Point taken Floydd. The kicker here is that apparently she's not even a good one... what with her "partner" falling asleep... along with the fact that she's certainly not discreet.

(In the end her little mis-click sure saved ol' Tripp a lot of money and frustration.)
posted by Fofer at 6:36 AM on September 17, 2002


Reading the article again, I'm surprised by the amount of personal detail contained within. Is it really necessary to post the name of the company each of the parties works at... the floor number of the precise building... etc? I mean, what value does that bring to the report, other than to potentially expose the two players to more ridicule, embarrassment, and/or harrassment?
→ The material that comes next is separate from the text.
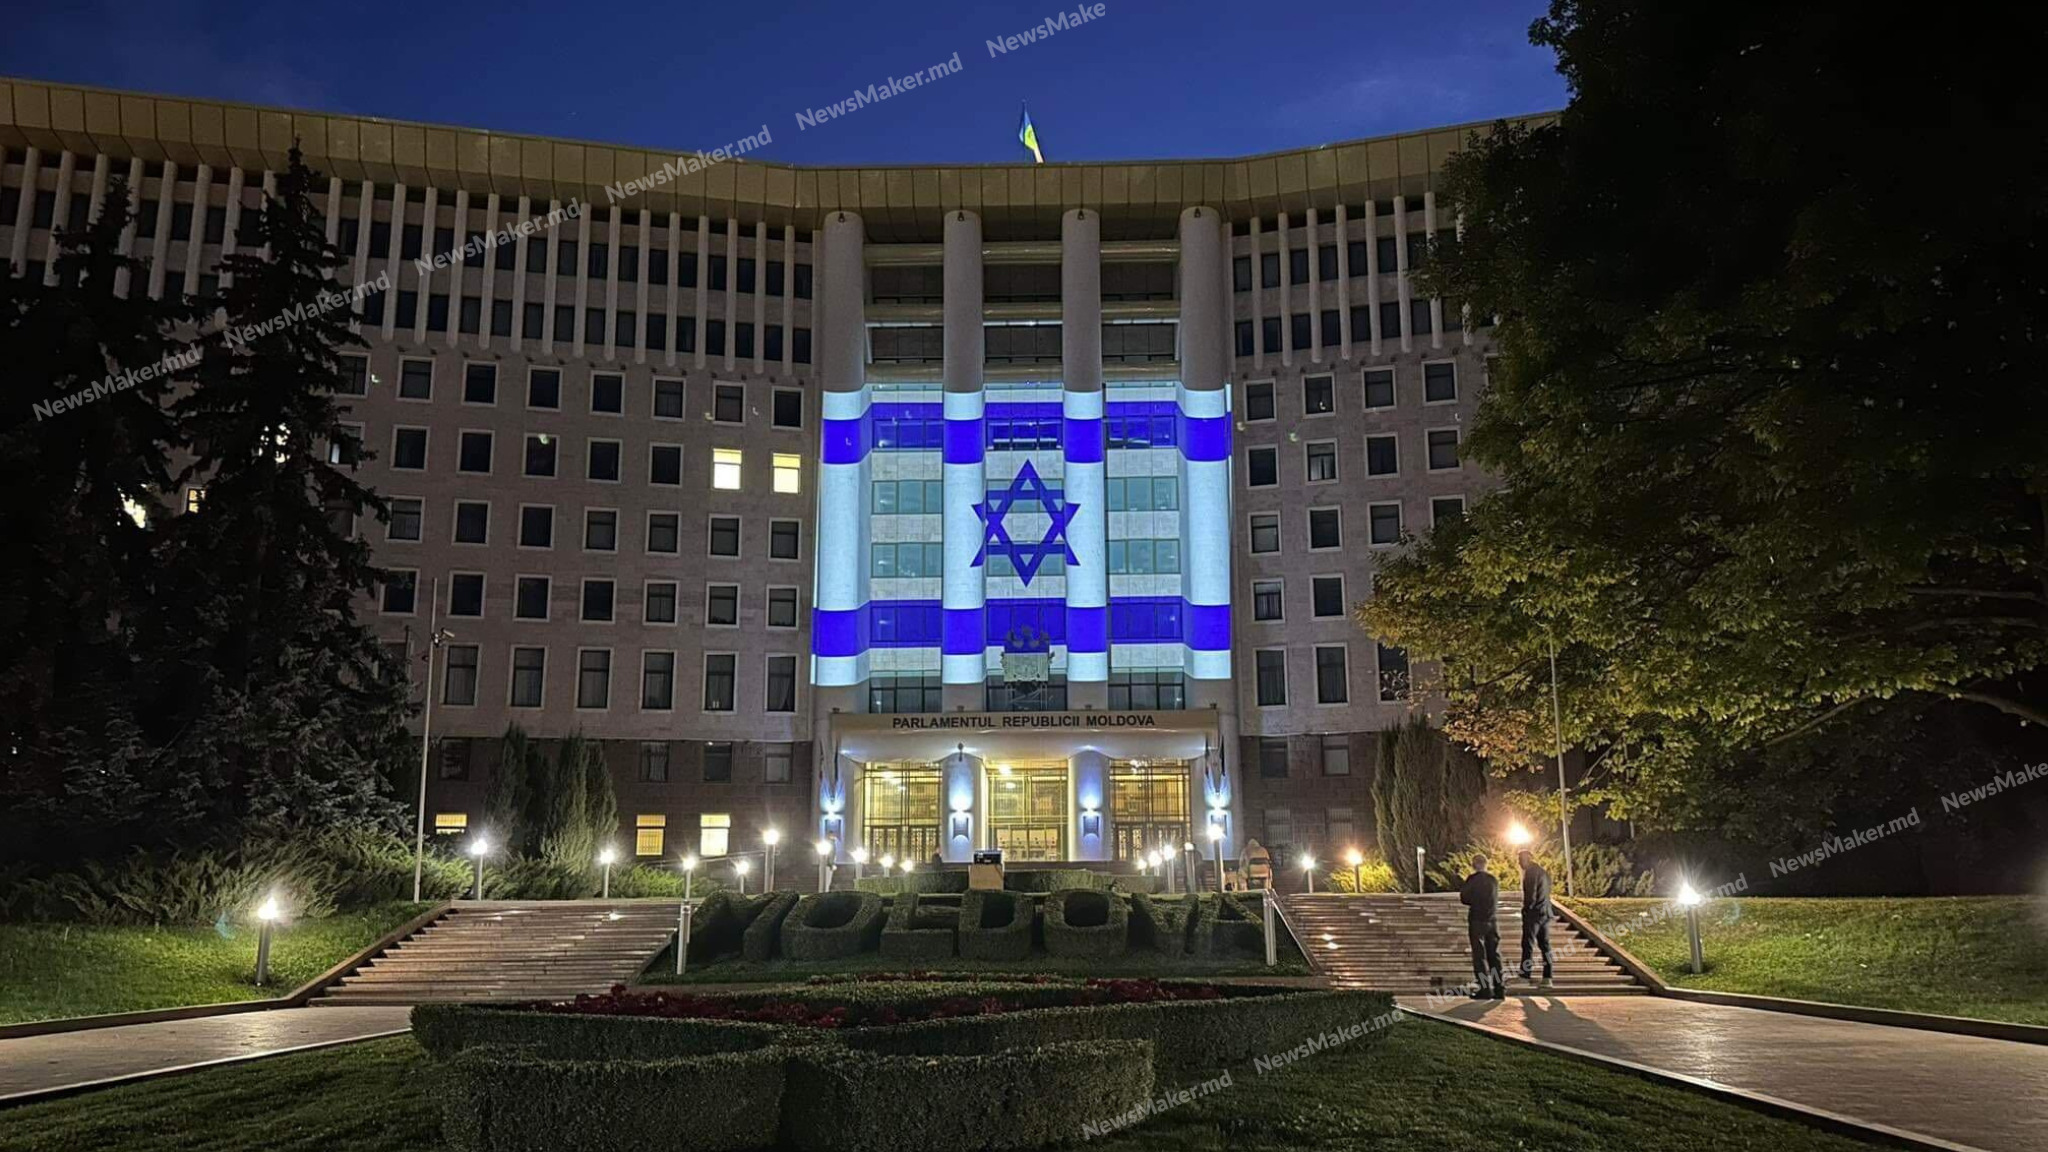 FOTO Parlamentul Republicii Moldova, iluminat în culorile drapelului Israelului: „În semn de solidaritate”

The whole article seems leering and snide, as opposed to provocative and perhaps, informative. There's a compelling issue at the core here (ie: the Internet's potential for social missteps on a global scale) but this reporter chose the schoolboy approach. Is this "National Post" a Canadian tabloid or something?
posted by Fofer at 6:42 AM on September 17, 2002


Is this "National Post" a Canadian tabloid or something?

yes. and it fits my kitty litter pans like a dream...! i'd never shell out a penny for it mind you. i steal it from sleeping businessmen, during rush hour subway rides.